◆ **Your objective**:
Please retype the listing exactly as it appears, skipping each picture.

◆ **Data**:
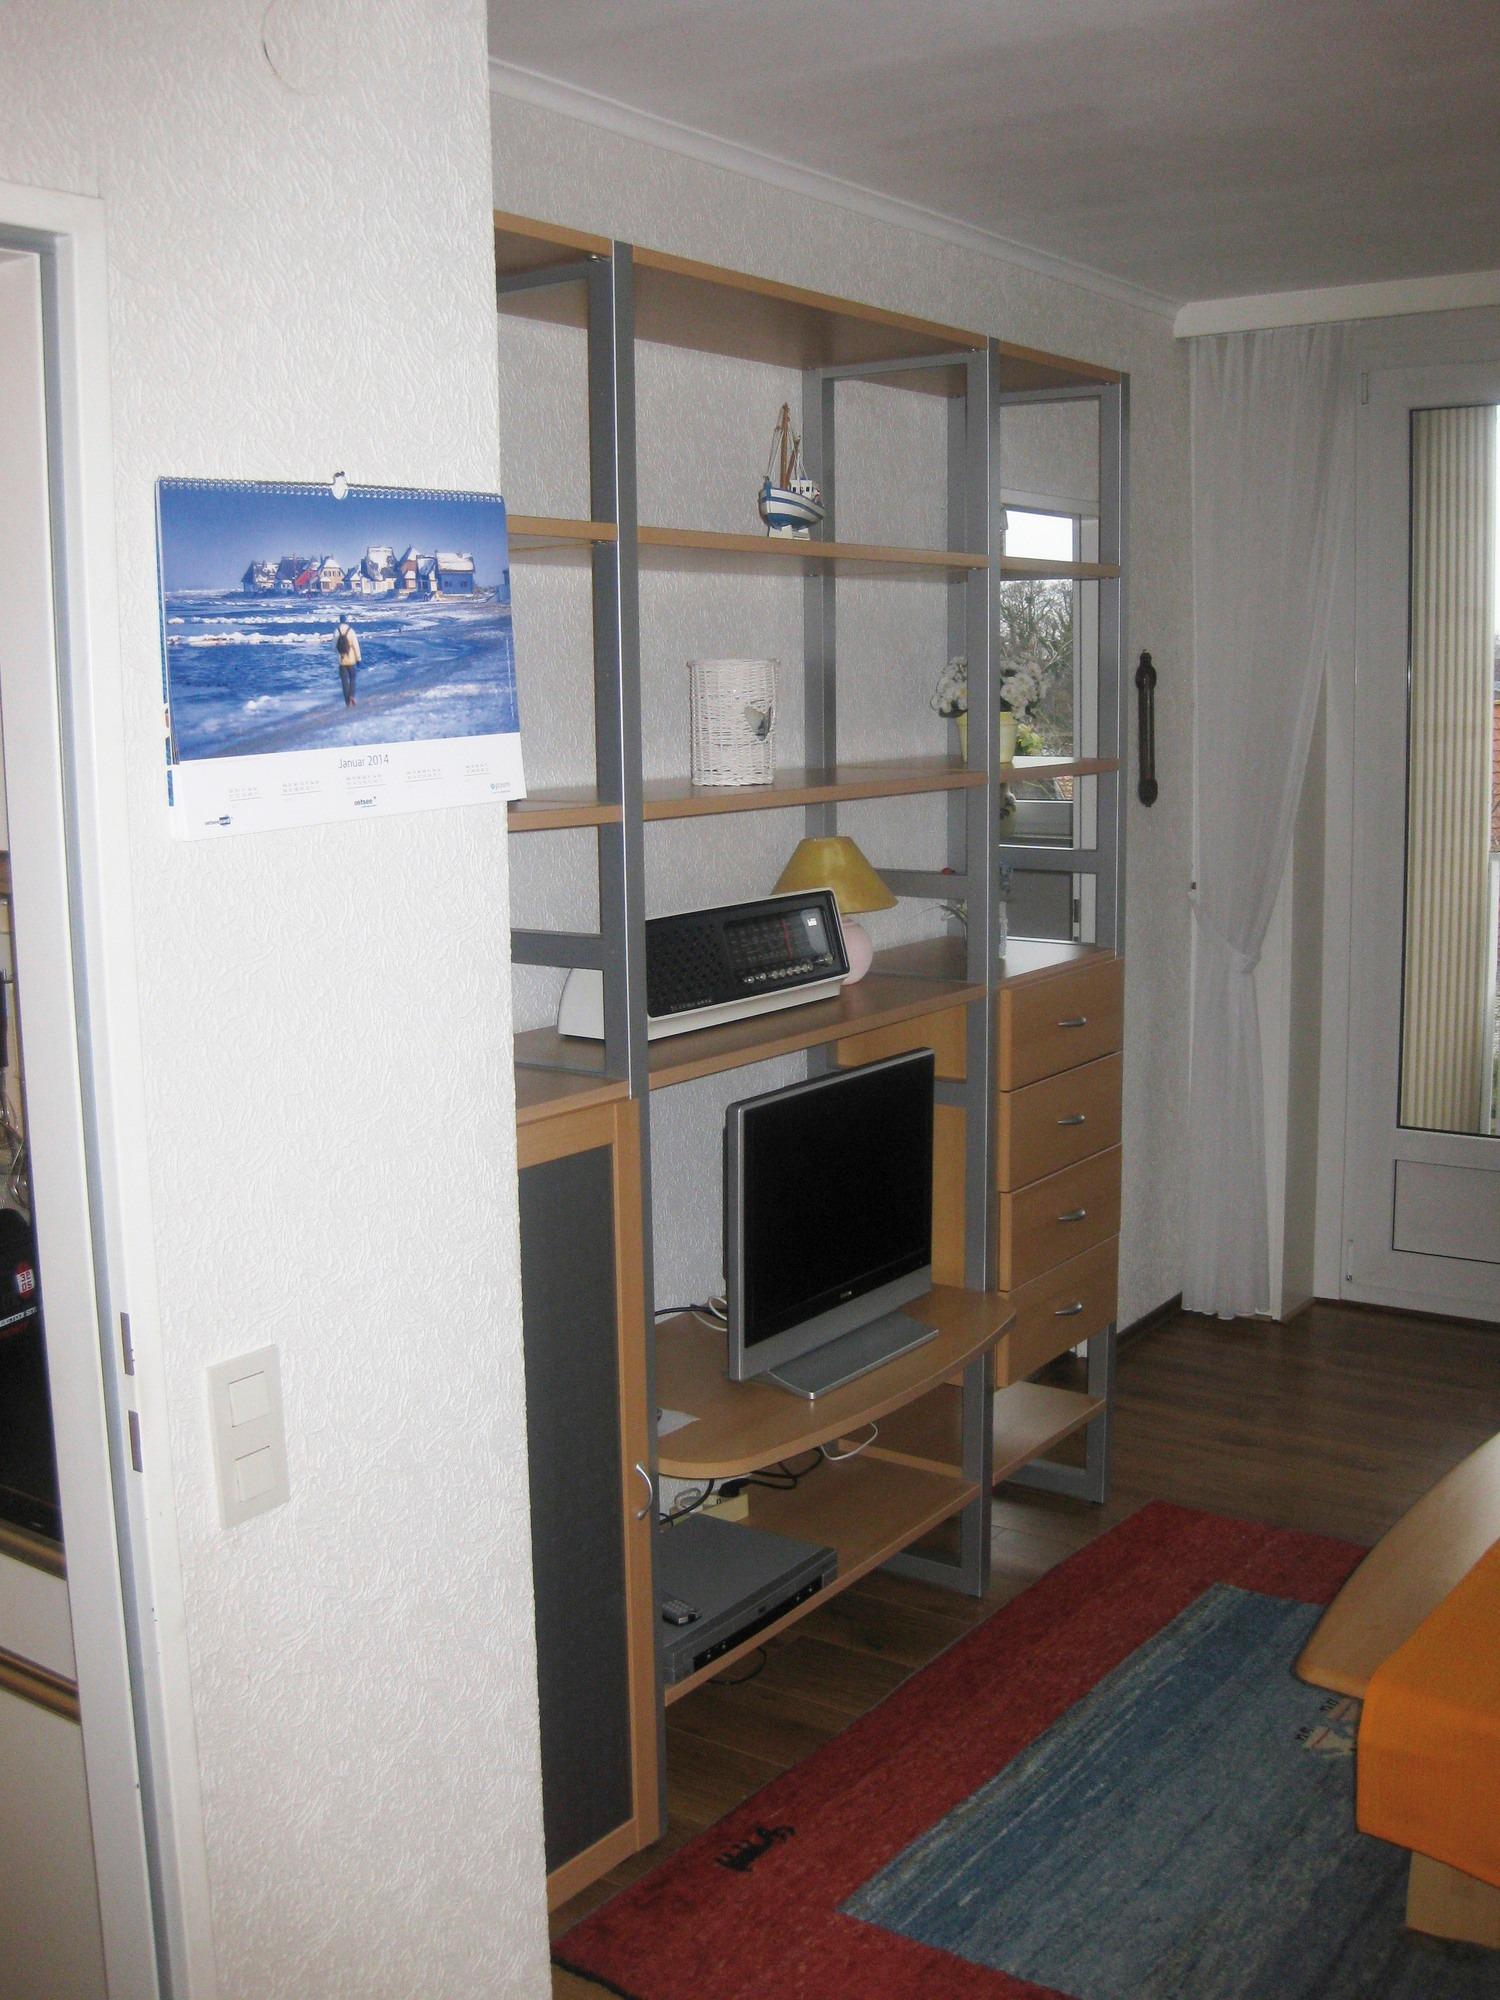 Ferienwohnung Haus Nautic 4-3-6 (887416), Kellenhusen, Lübecker Bucht, Schleswig-Holstein, Deutschland, Bild 4
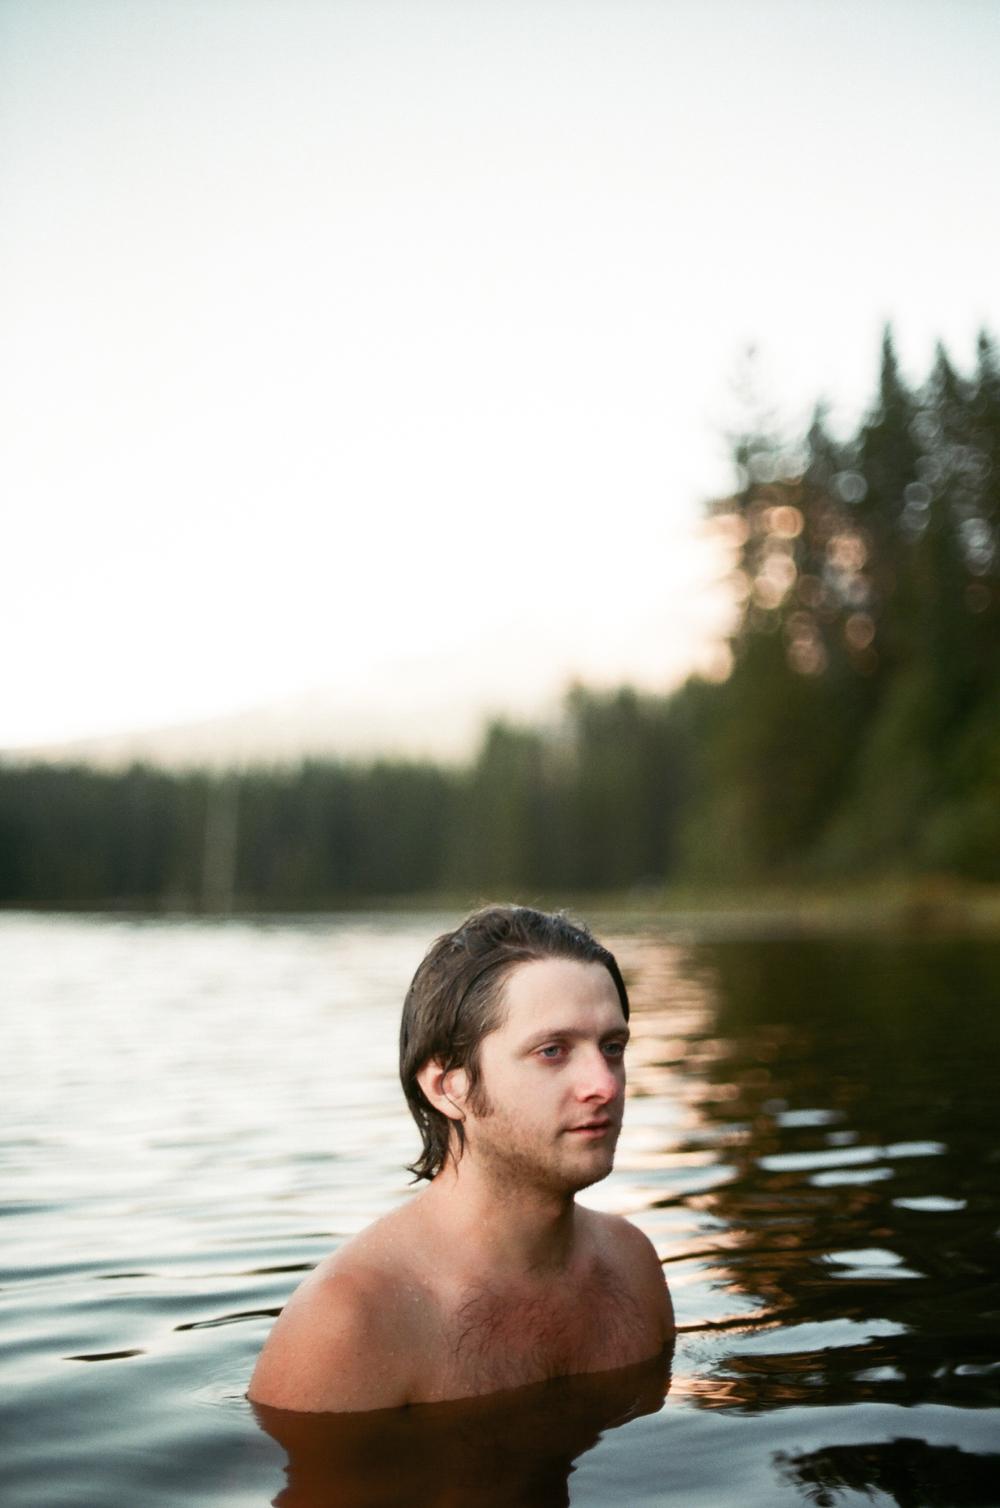 Sean-Danaher_Singles_People-133.jpg
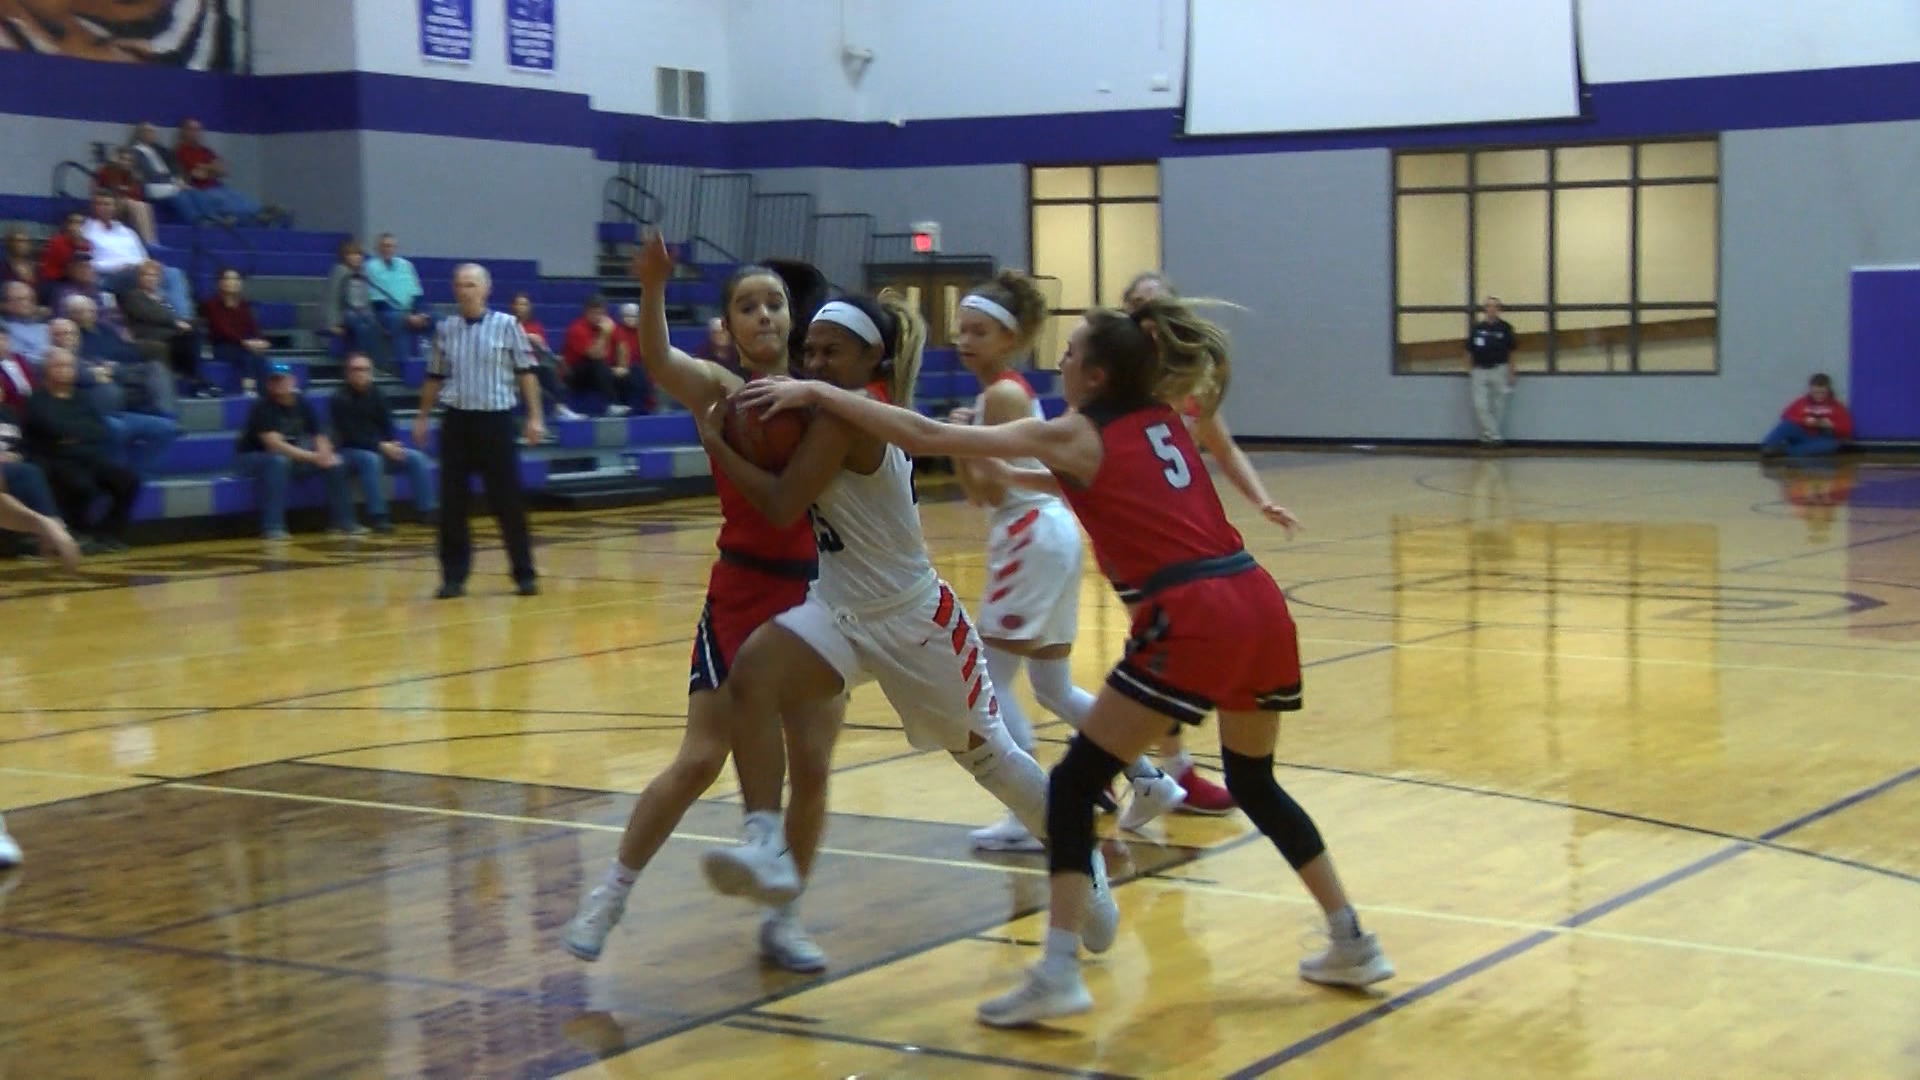 Burkburnett Basketball_1550202625530.jpg.jpg

◆ **Answer section**:
 Ferienwohnung Haus Nautic 4-3-6 (887416), Kellenhusen, Lübecker Bucht, Schleswig-Holstein, Deutschland, Bild 4
 Sean-Danaher_Singles_People-133.jpg
 Burkburnett Basketball_1550202625530.jpg.jpg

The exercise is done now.